▸ INPUT RECORDS
★ ★ ★ ★ ★ ★ ★

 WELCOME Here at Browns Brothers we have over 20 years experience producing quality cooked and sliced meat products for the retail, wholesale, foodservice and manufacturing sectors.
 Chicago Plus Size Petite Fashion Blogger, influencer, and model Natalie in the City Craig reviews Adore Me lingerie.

★ ★ ★ ★ ★ ★ ★

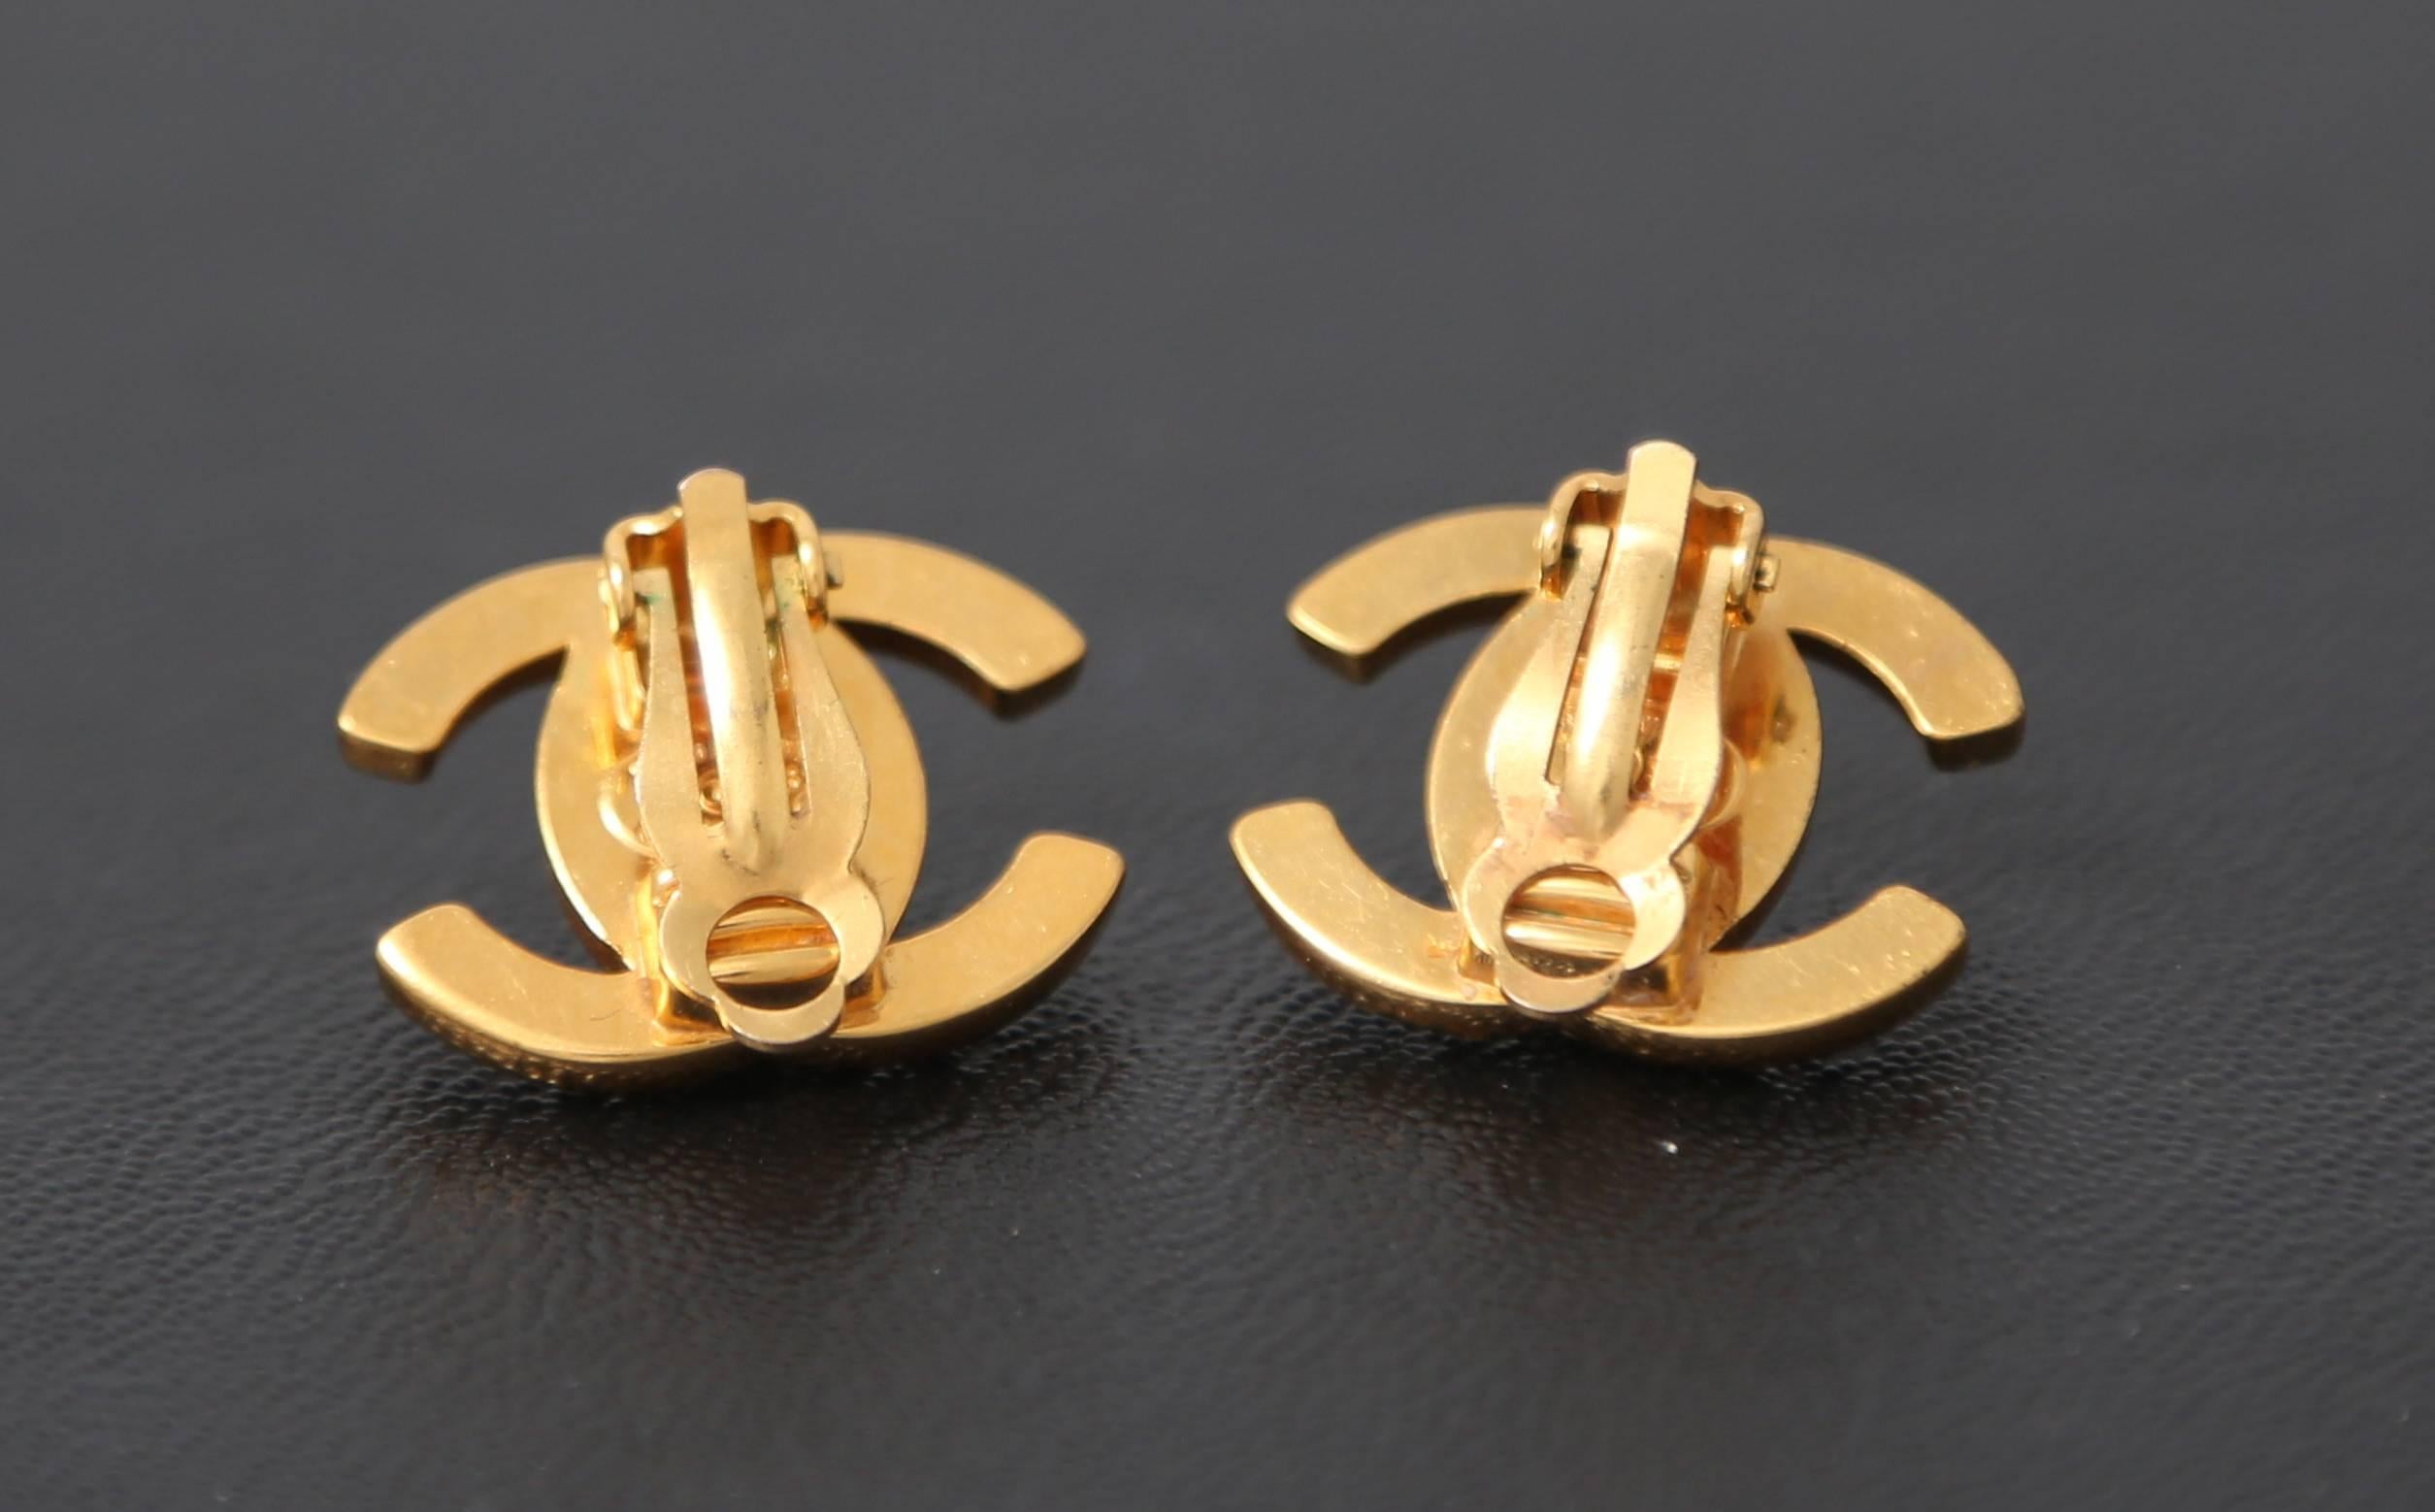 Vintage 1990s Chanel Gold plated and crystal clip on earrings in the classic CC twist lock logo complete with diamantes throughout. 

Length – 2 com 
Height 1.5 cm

★ ★ ★ ★ ★ ★ ★

▸ AIM OF THE TASK
Would you give again, exactly, the lines in the data above that run from the line containing "Vintage 1990s Chanel" to the line containing "Height 1.5 cm"? Include both ends and no pictures.

▸ EXPECTED ANSWER
 Vintage 1990s Chanel Gold plated and crystal clip on earrings in the classic CC twist lock logo complete with diamantes throughout. 

Length – 2 com 
Height 1.5 cm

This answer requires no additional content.